Annotation c. Book News, Inc., Portland, OR (booknews.com)
A character-driven study of some of the darkest moments in our national history, when America failed to prevent or stop 20th-century campaigns to exterminate Armenians, Jews, Cambodians, Iraqi Kurds, Bosnians, and Rwandans .
From the Armenian Genocide to the ethnic cleansings of Kosovo and Darfur, modern history is haunted by acts of brutal violence. Yet American leaders who vow never again” repeatedly fail to stop genocide. Winner of the Pulitzer Prize and the National Book Critics Circle Award, A Problem From Hell draws upon exclusive interviews with Washingtons top policymakers, thousands of once classified documents, and accounts of reporting from the killing fields to show how decent Americans inside and outside government looked away from mass murder. Combining spellbinding history and seasoned political analysis, A Problem from Hell allows readers to hear directly from American decision-makers and dissenters, as well as from victims of genocide, and reveals just what was known and what might have been done while millions perished.
About the Author
Samantha Power is the executive director of the Carr Center for Human Rights Policy at the John F. Kennedy School of Government at Harvard University.

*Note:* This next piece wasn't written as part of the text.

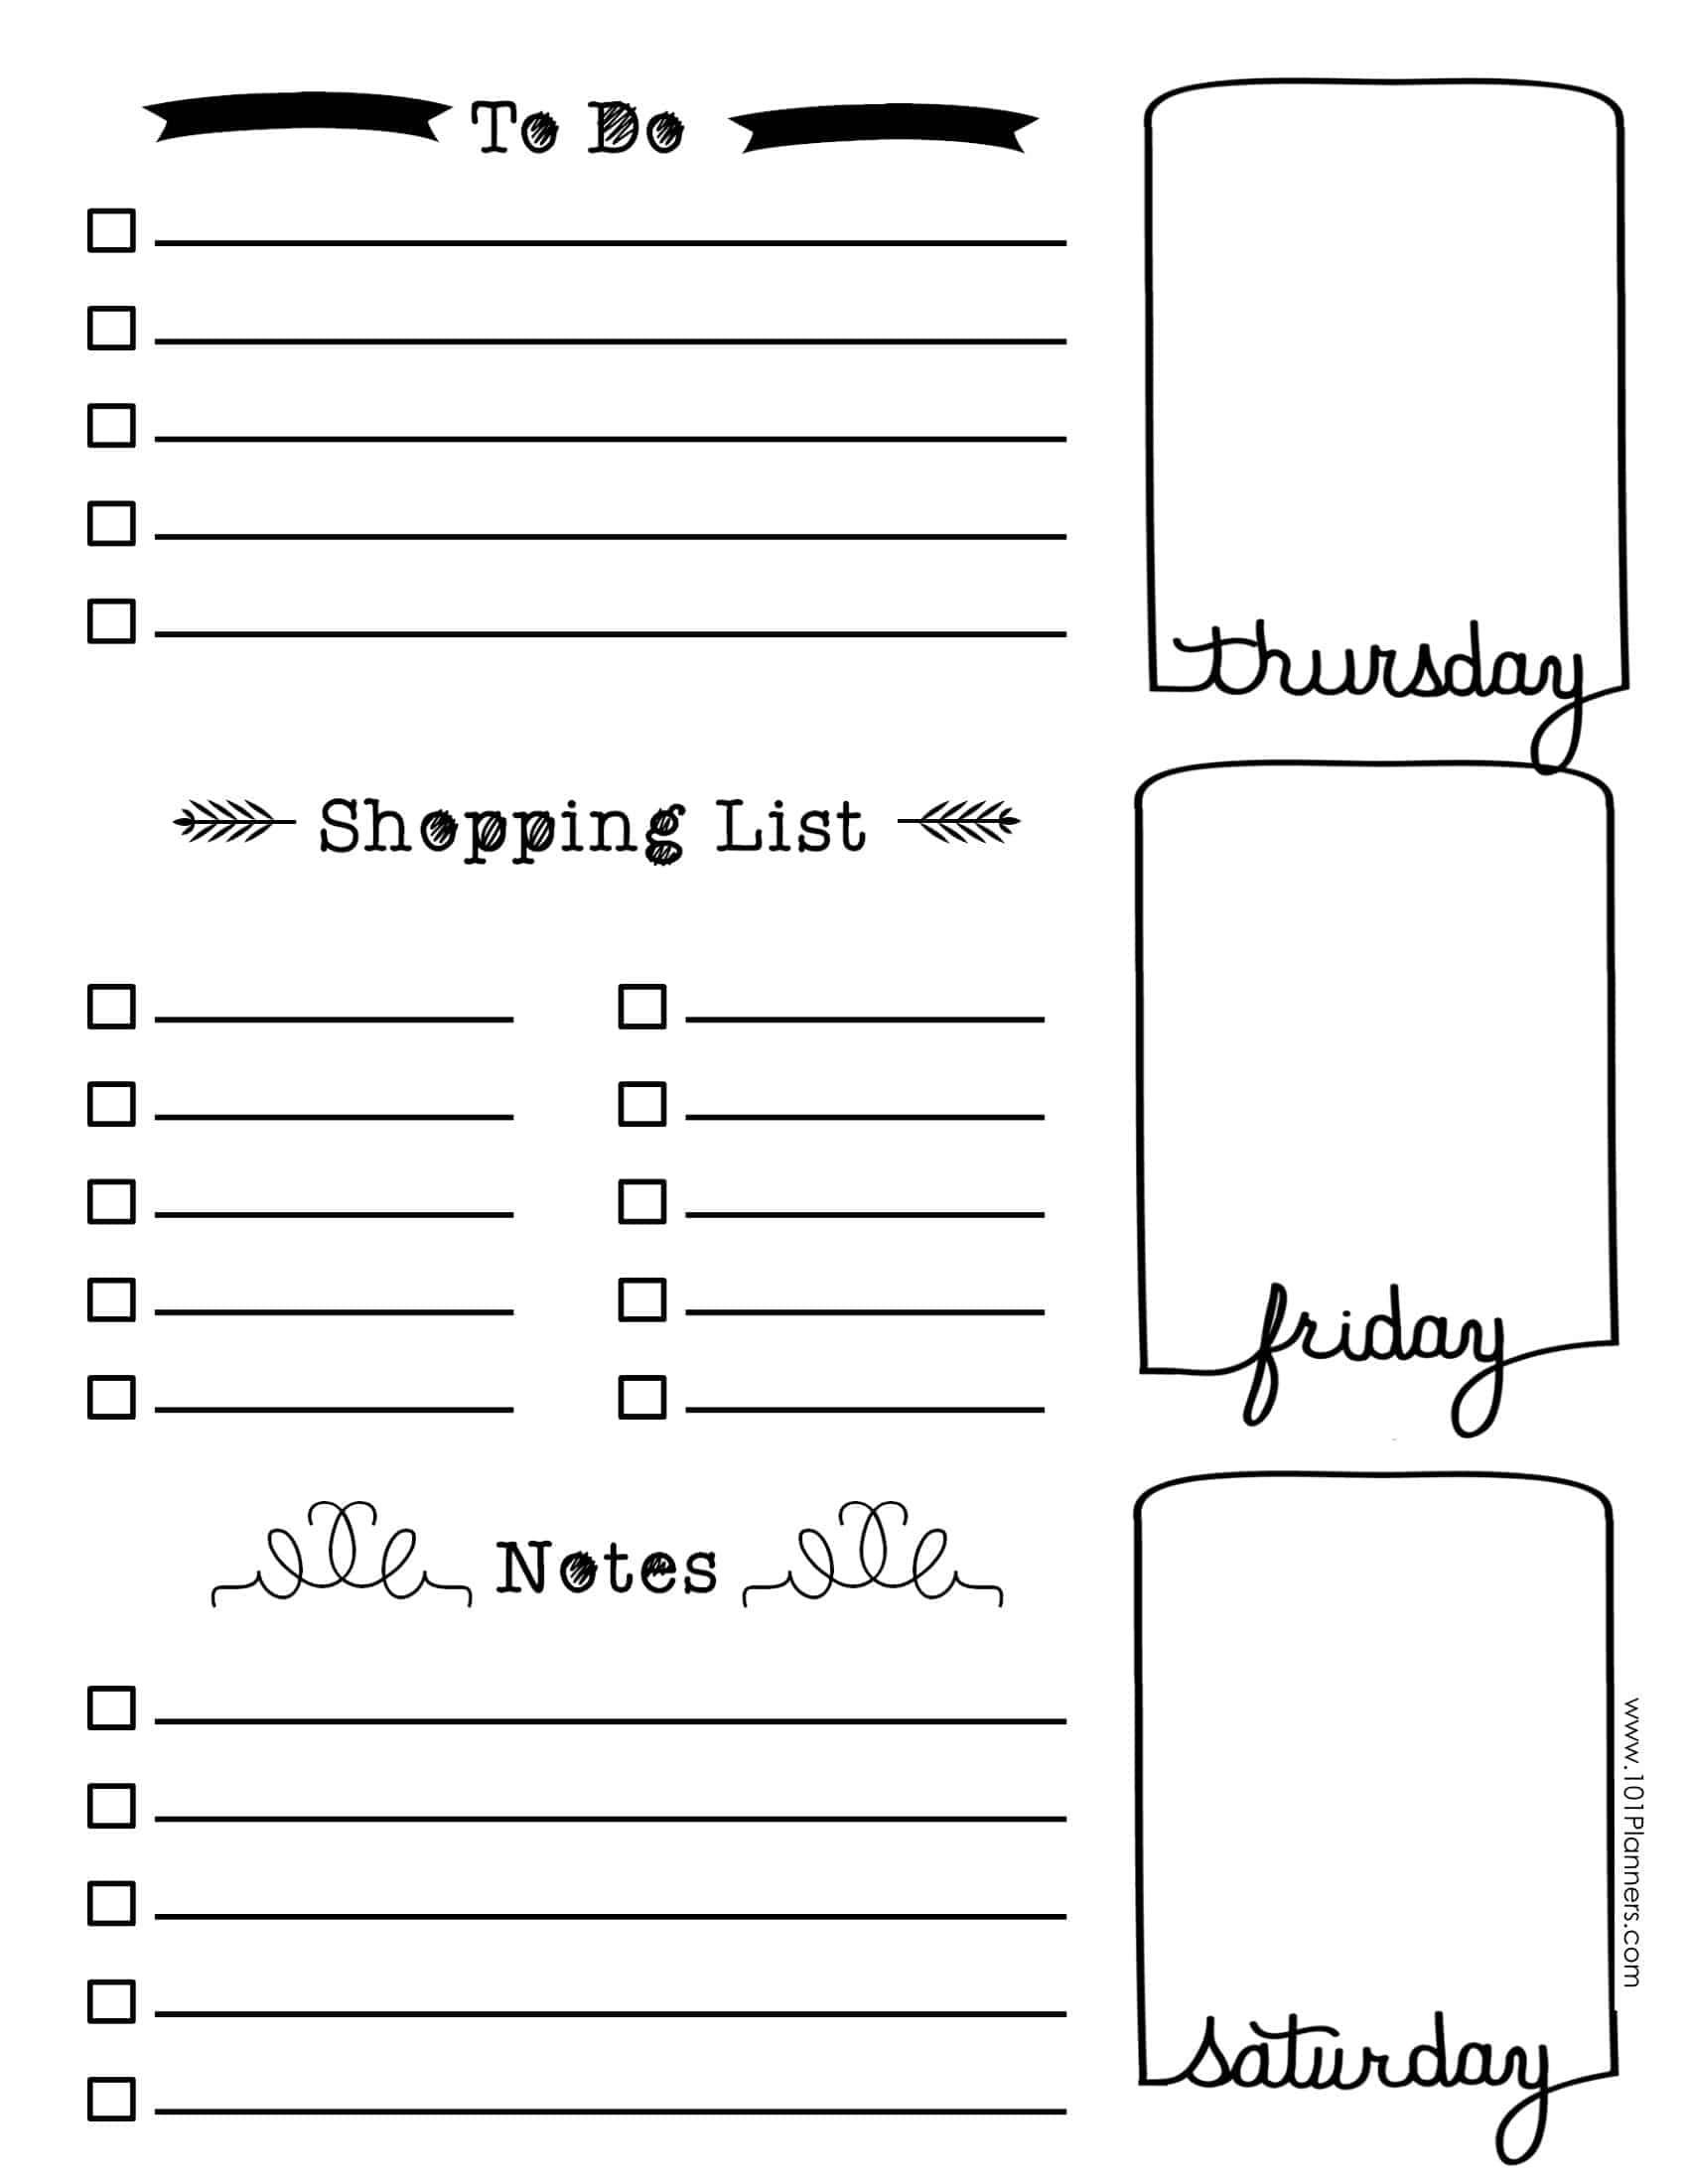 Free Bullet Journal Printables | Customize Online For Any Planner Size - Bullet Journal Printables Free

From 1993 to 1996 she covered the wars in the former Yugoslavia as a reporter for U.S. News and World Report and The Economist. In 1996 she worked for the International Crisis Group (ICG) as a political analyst, helping launch the organization in Bosnia. She is a frequent contributor to The New Republic and is the editor, with Graham Allison, of Realizing Human Rights: Moving from Inspiration to Impact. A native of Ireland, she moved to the United States in 1979 at the age of nine, and graduated from Yale University and Harvard Law School. She lives in Winthrop, Massachusetts.